A pesquisa foi desenvolvida pela Associação Americana para o Avanço da Ciência, em Chicago (EUA), sob o comando de Michael Bailey, psicólogo da universidade Nortwestern, que foi duramente criticado pela comunidade gay norte-americana por sua iniciativa.

O relatório do estudo indica que alguns homens gays compartilham de uma característica genética no cromossomo X, denominada Xq28, que oferece 40% de chance da pessoa ser identificada como homossexual.Apesar da conclusão, Bailey alerta para o fato de que nem todos os homens gays têm o marcador genético e nem todos aqueles que possuem o marcador genético são gays. Assim, a genética pode desempenhar um papel fundamental para esclarecer algumas probabilidades, mas não é alo completamente determinante.

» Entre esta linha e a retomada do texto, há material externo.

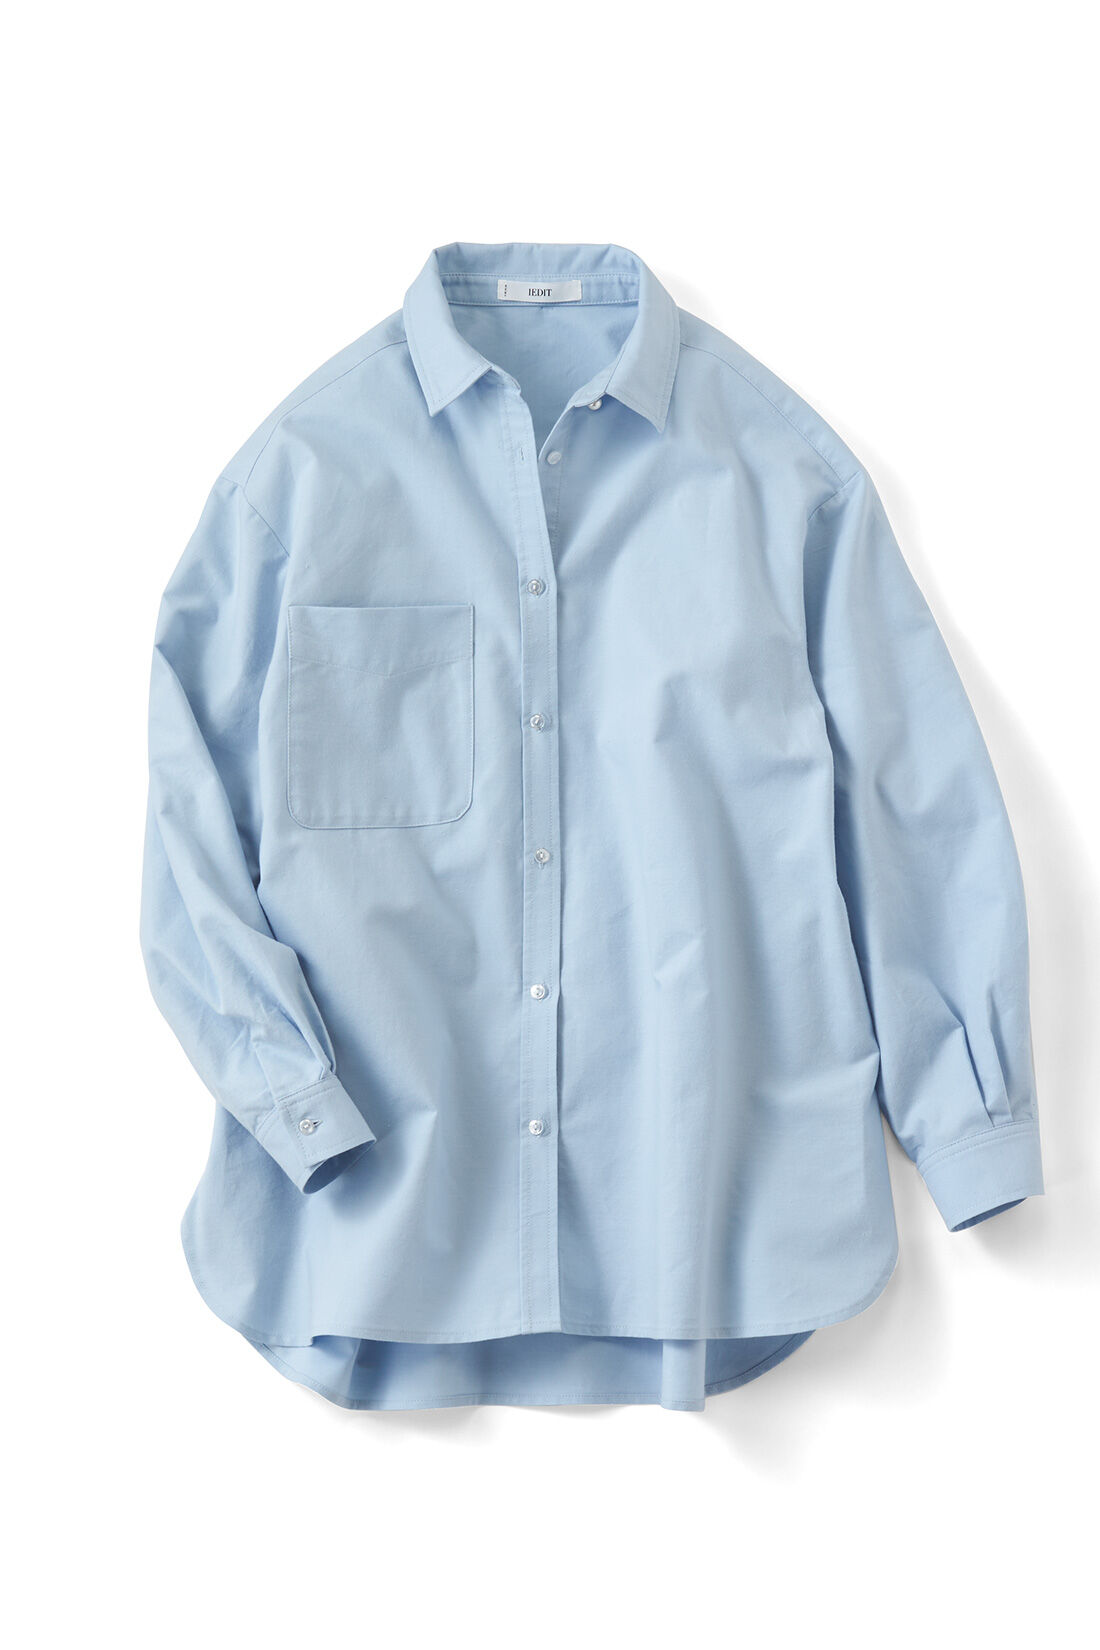 IEDIT[イディット]　バックフレアーデザインがきいた オックスフォード素材のこなれ見えシャツ〈イエロー〉|ブルー
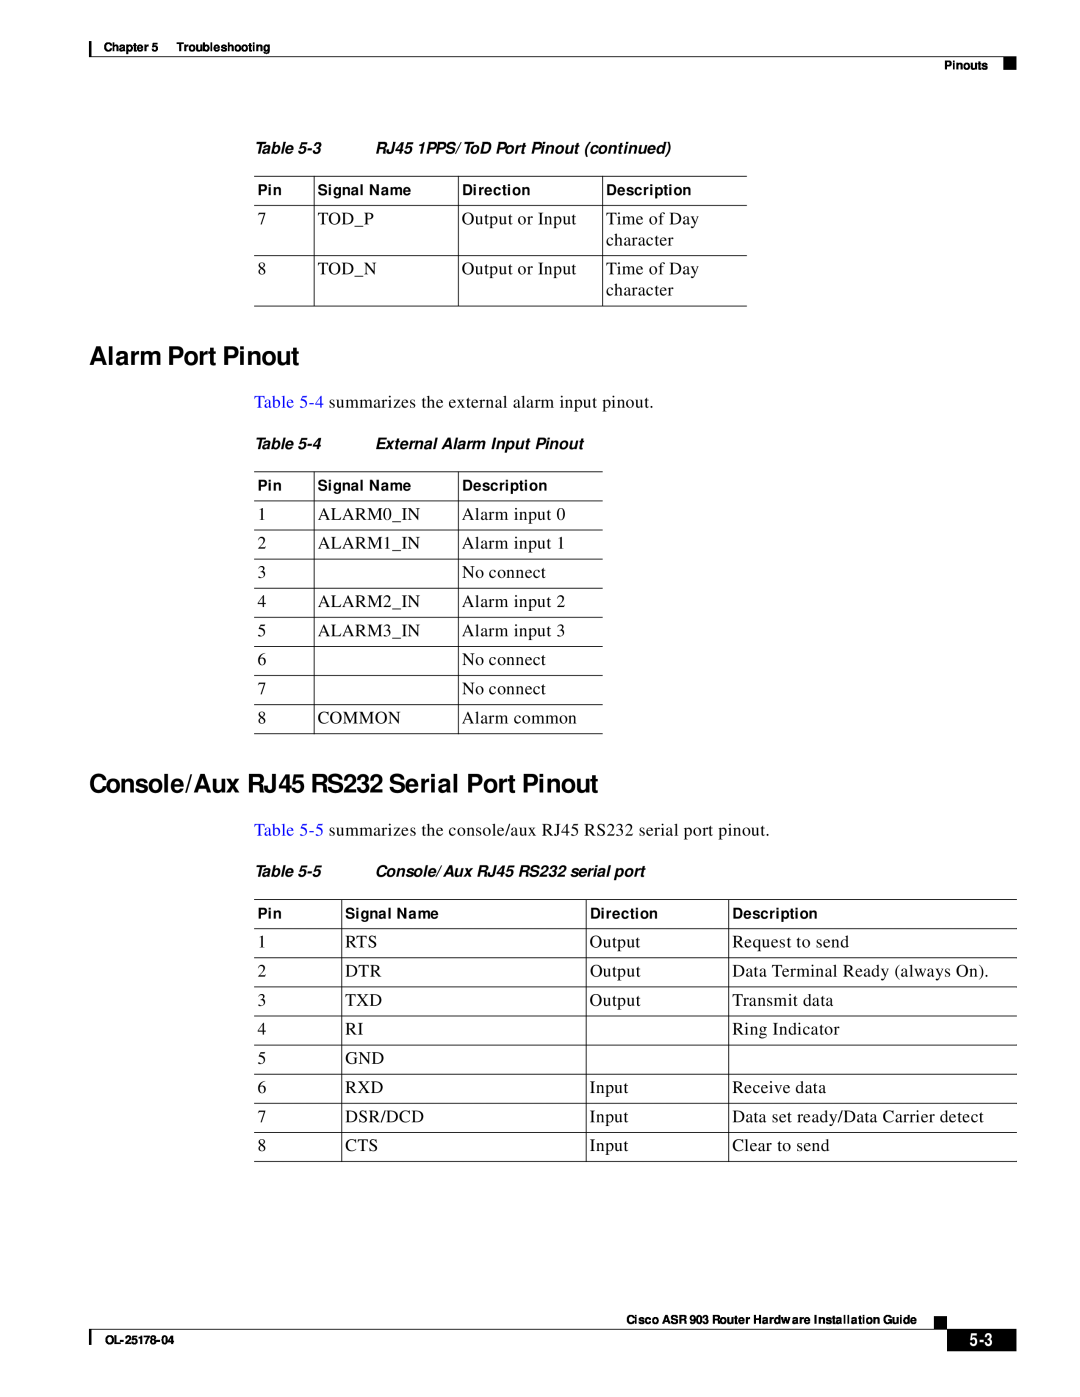 Cisco Systems 903 manual Alarm Port Pinout, Console/Aux RJ45 RS232 Serial Port Pinout, RJ45 1PPS/ToD Port Pinout continued

“A orientação sexual não tem nada a ver com a escolha… O estudo mostra que há genes envolvidos na orientação sexual masculina. Embora isso possa resultar em um teste no futuro para a orientação sexual masculina, não seria algo muito preciso, uma vez que existem outros fatores que podem influenciar o resultado”, avalia o psicólogo.

Bailey ainda acrescenta que a pesquisa pode não oferecer respostas definitivas, além de levar em conta que existem fatores ambientais que influenciam no comportamento sexual. Contudo, ele esclarece que os registros servem para sugerir que há genes em jogo para dar indícios à orientação sexual.

Como conclusão final, fica a ideia de que é algo realmente complexo saber porque há pessoas que se interessam por outras do mesmo sexo. Há muitas perguntas e poucas respostas, e constantes pesquisas são necessárias para responder o que provoca a atração pelo mesmo sexo.